Tonight the Babe ate half a banana and half a cup of cornflakes for dinner. They were not organic corn flakes. They probably have high fructose corn syrup in them, and most likely are dyed yellow. You know what? Tonight I didn't care. I bust my butt on Sundays prepping food for the three of us for lunches and dinners for the week. If she doesn't want to eat the chicken, rice, corn purée I made on Sunday, then a banana is fine by me. Because I'll be damned if I'm going to thaw another batch of homemade purees, just to have it poo-pooed by her and end up in the garbage.

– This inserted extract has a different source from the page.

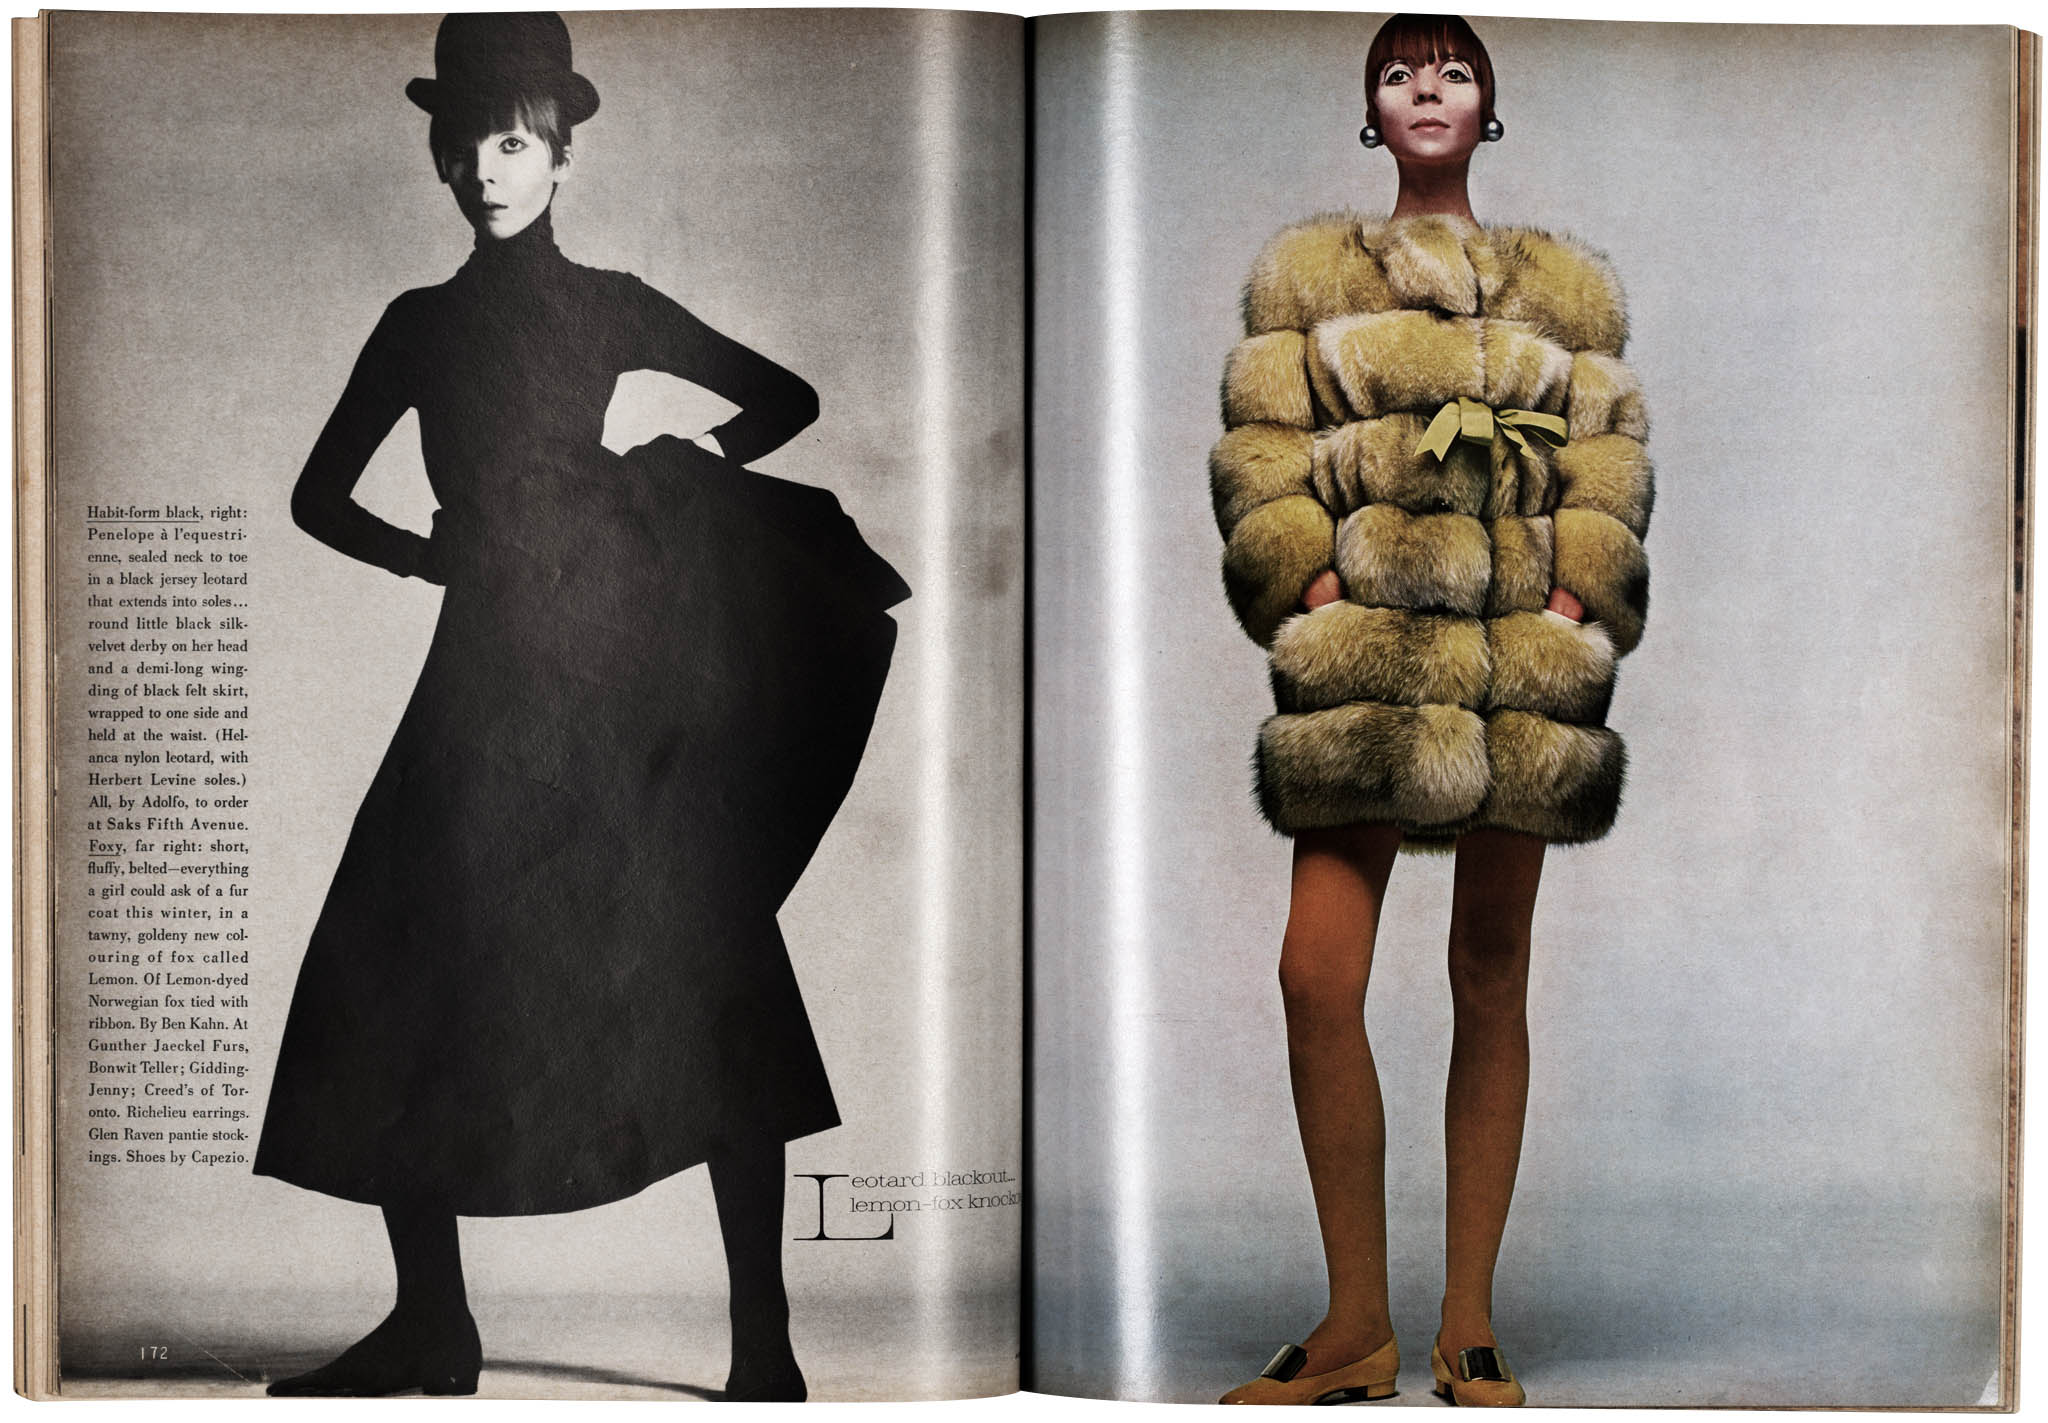 Vogue_10_1967_Spread_p172-173_Ap.jpg

I am constantly trying new ways to get the Babe to eat veggies, legumes, less dairy and more fruit. But somedays it's hard, and I'm tired and uninspired and she ends up with something less than ideal for dinner. It's no one's fault, it's just the result of having two parents who work, somewhat clean the house and try to cook as often as possible. Sometimes she gets a delicious well balanced meal and sometimes, a banana because that's all she wants.

I think we need to give ourselves and other mothers a pass. You want to feed your son Annie's Bunnies for a few nights? Me too! Are you fed up with making oatmeal filled with squash, prunes and fruit purees, only to have it spat out? Me too! You've been sending your baby to daycare with jarred baby food for the last three days because the pizza you ordered for dinner doesn't purée so well? Welcome to the club sister! Or brother :)

Whether you work full-time outside the home, part-time, or work as a stay-at-home mom, this week give yourself a pass. Easter dinner wiped me out, as I'm sure it did the rest of you, and despite what Baby Centre may tell you, a few snacks of Goldfish crackers will not turn your child into a salt-hoarding Gollum. However, eating all your child's Easter candy in one sitting may require a few extra minutes (hours) on the treadmill.

~ H

1 comment:

  1. Yesterday for lunch, I made Everett and I kraft dinner. Sodium rich, high in orange dye and fake ingredients KRAFT DINNER. And you know what? It was delicious. Sure I added some broccoli and peppers to make it more "healthy" but in the end that box isn't going to kill him.